Can I declare a function that can take pointer to itself as an argument?

Question

Reading a question in stackoverflow, I wondered whether it's possible to declare a function that takes a pointer to itself. I.e. to make such declaration of foo, for which the following would be correct:

foo(foo);

The simpliest idea is casting to another function pointer (can't cast to void*, since it may be smaller), so the function declaration looks like this:

void foo(void (*)());

While that's OK in C (and will work with casting in C++), I wonder, whether it can be done without such hard "reinterpret" casting or losing type information.

In other words, I want the following declaration:

void foo( void (*)( void (*)( void (*) ( ... ))));

but, of course, unlimited declarations are impossible. Naive typedefing doesn't help either.

C++ templates are welcome, even if they make the calling code (foo(foo)) look a bit less succinct, but still finite.

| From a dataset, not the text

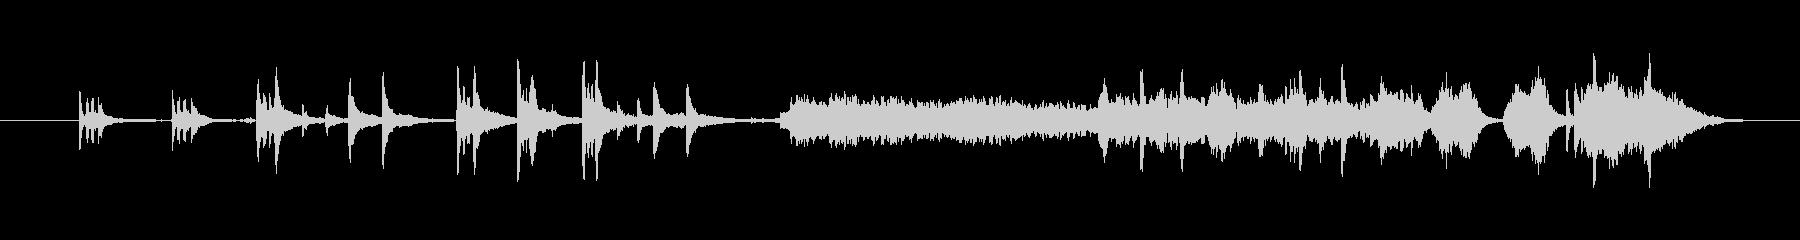 自然音が入ったヒーリング曲の未再生の波形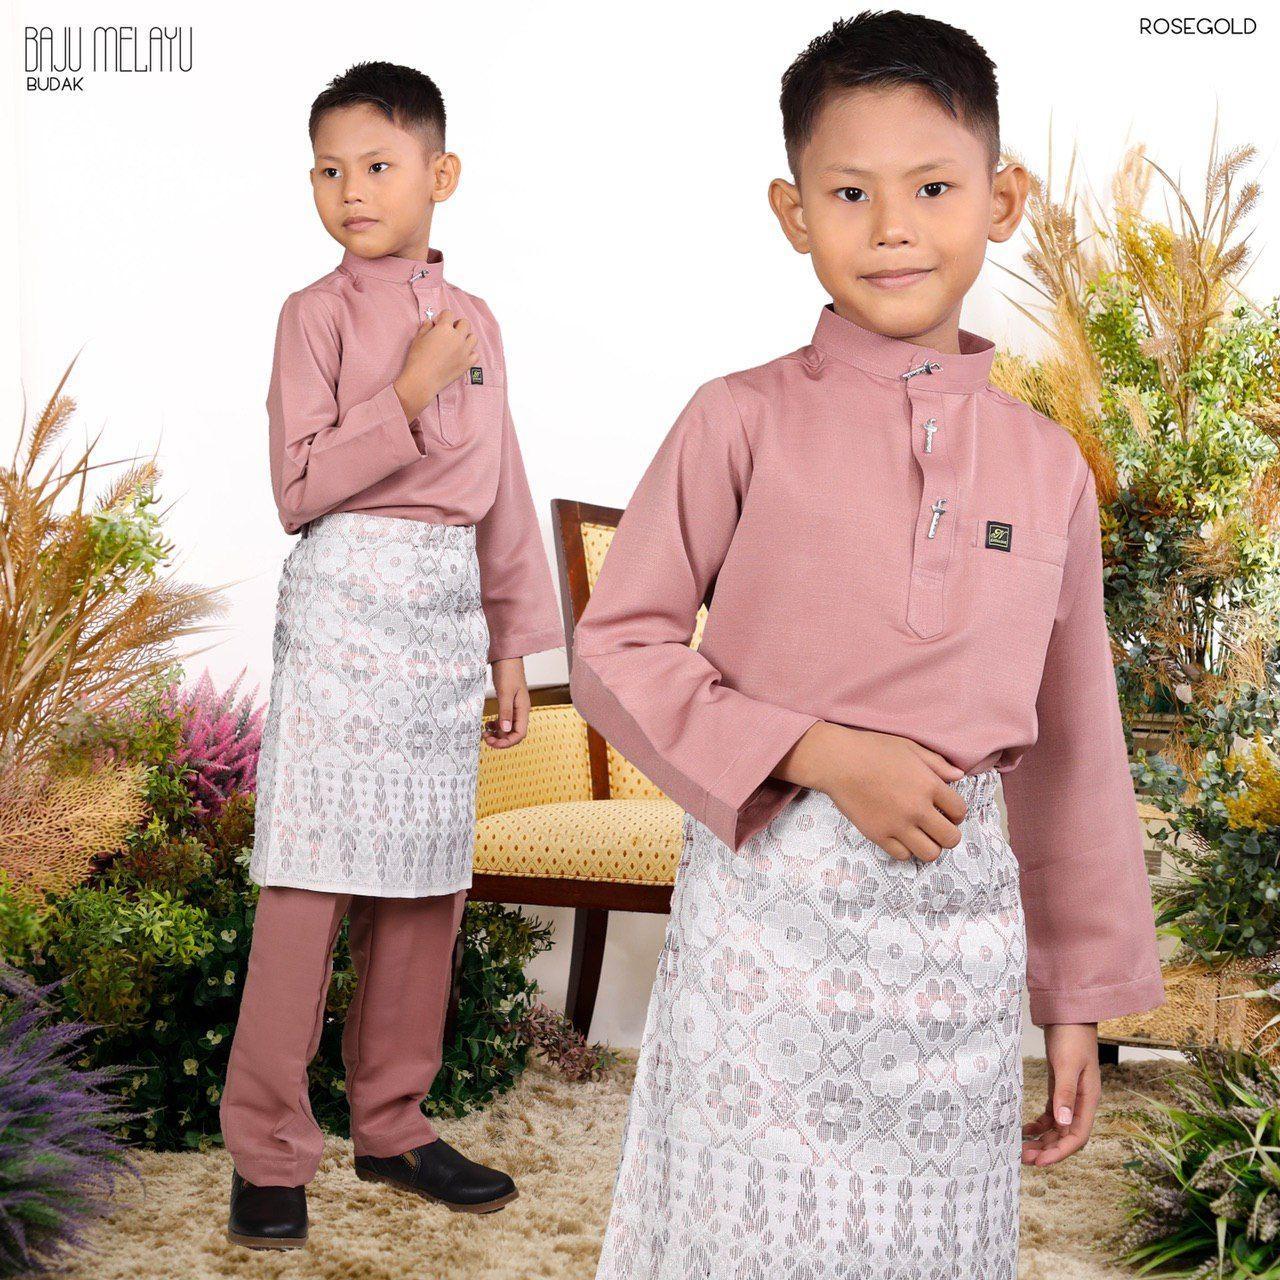 Melayu Kids In Rosegold

C-style answers that show, how one can drop type information without casting, or other tricks of that sort are, of course, interesting, but won't be accepted.

Answer 1

Apparently not - see this thread. The type required here would always be infinite.

Answer 2

Another dirty trick.

void Foo( ... )
{
}

int main()
{
 Foo( Foo );
}

Above program will compile without any error. But it is not recursive. Following modified function is recursive version with a limiter.

#define RECURSIVE_DEPTH (5)

typedef void ( *FooType )( int, ... );

void Foo( int Depth, ... )
{
 void ( *This )( int, ... );

 va_list Arguments;

 va_start( Arguments, Depth );

 if( Depth )
 {
  This = va_arg( Arguments, FooType );

  This( Depth - 1, This );
 }

 va_end ( Arguments );  
}

int main()
{
 Foo( RECURSIVE_DEPTH, Foo );
}